Why you should listen
Working across mediums, from radio, film, print and interactive media, Sue Jaye Johnson has investigated the US criminal justice system, women in sports, the legacy of apartheid and girls in South Africa. As a TED Resident, she is examining our current relationship with pleasure and sex through intimate interviews with people from all walks of life asking what they believe about sex and why. She is working on a book about rethinking how we talk about sexuality and sensuality fostered by this series of interviews.

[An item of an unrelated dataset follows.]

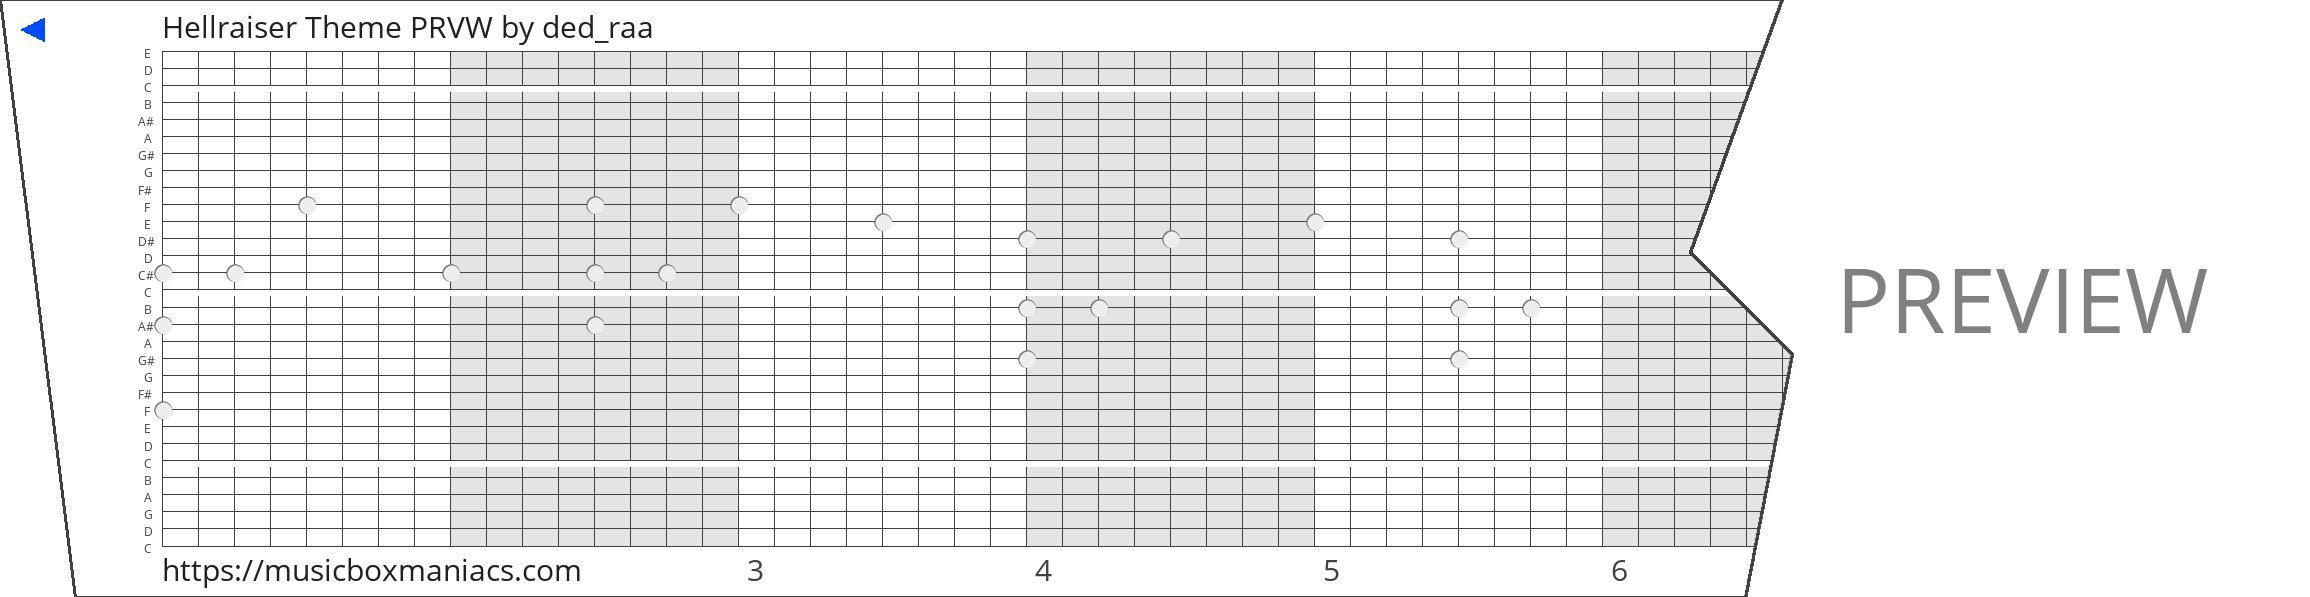 Hellraiser Theme PRVW 30 note music box paper strip
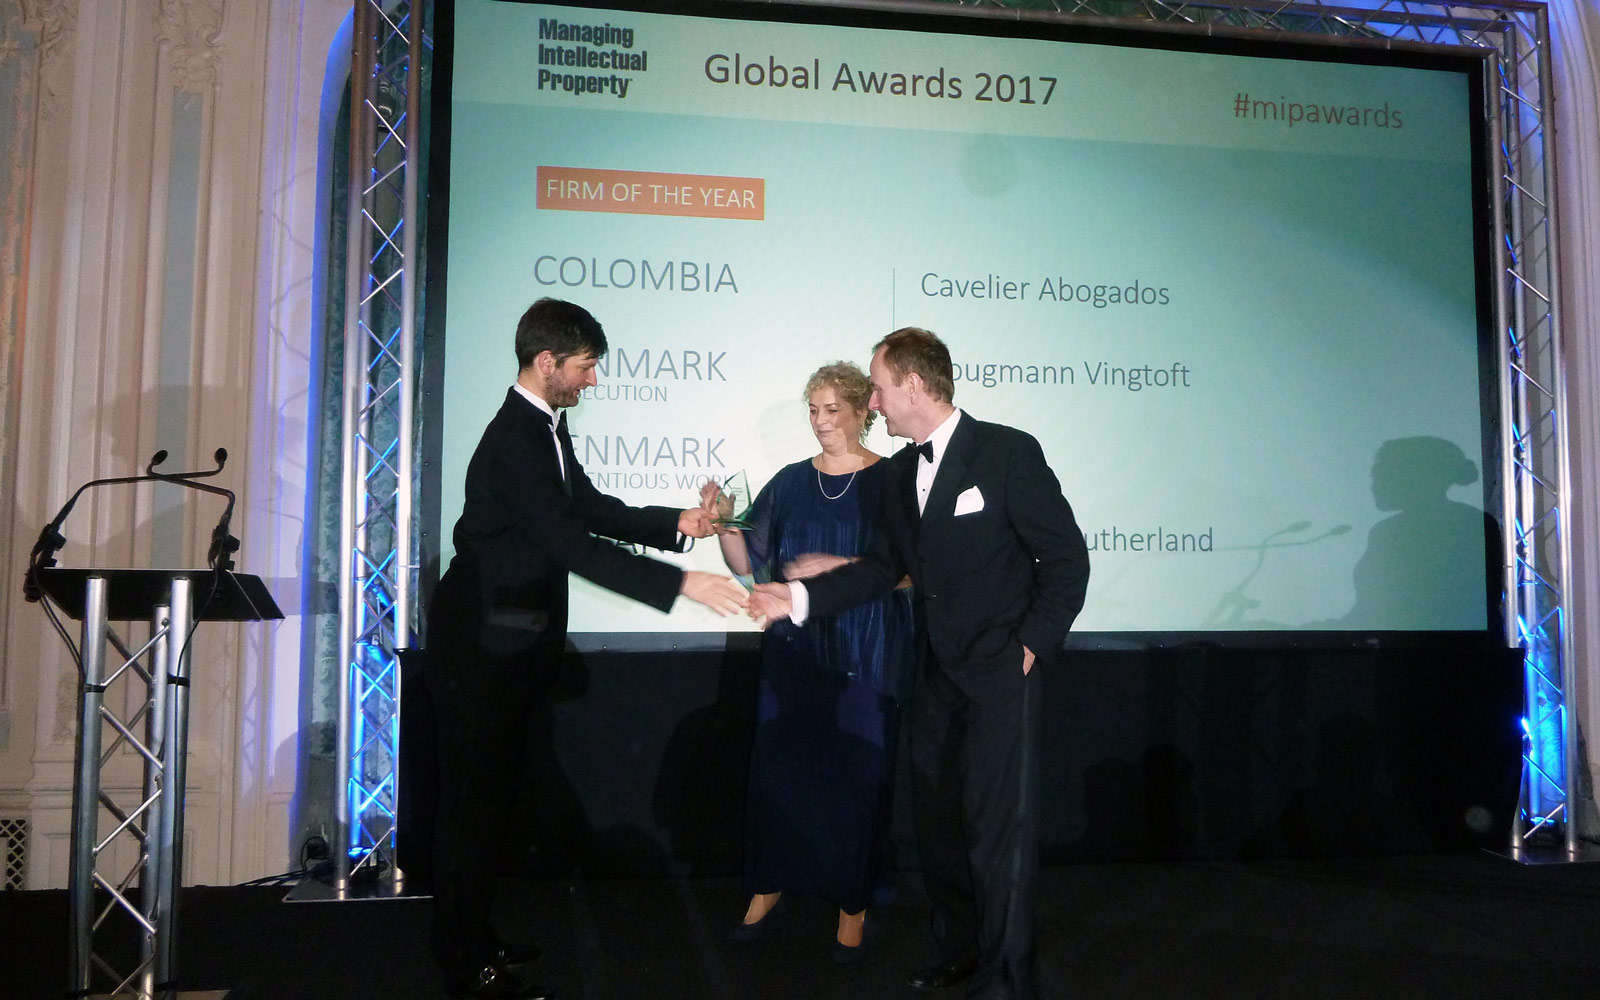 d33b22f736b Plougmann Vingtoft ranked as IP Firm of the Year 2017 for Denmark

Jaye is a two-time Peabody-winner and recipient of a Creative Capital award for her pioneering interactive documentary about US prisons. Her first feature film, T-Rex (PBS, Netflix) followed 17-year-old boxer Claressa Shields from Flint, Michigan to the gold medal at the London Olympics. Her work has been broadcast on PBS, NPR, WNY and published in the New York Times and The Washington Post.
She studied visual arts at Harvard University and interactive telecommunications at New York University. She lives in New York City with radio producer and frequent collaborator Joe Richman and their two daughters.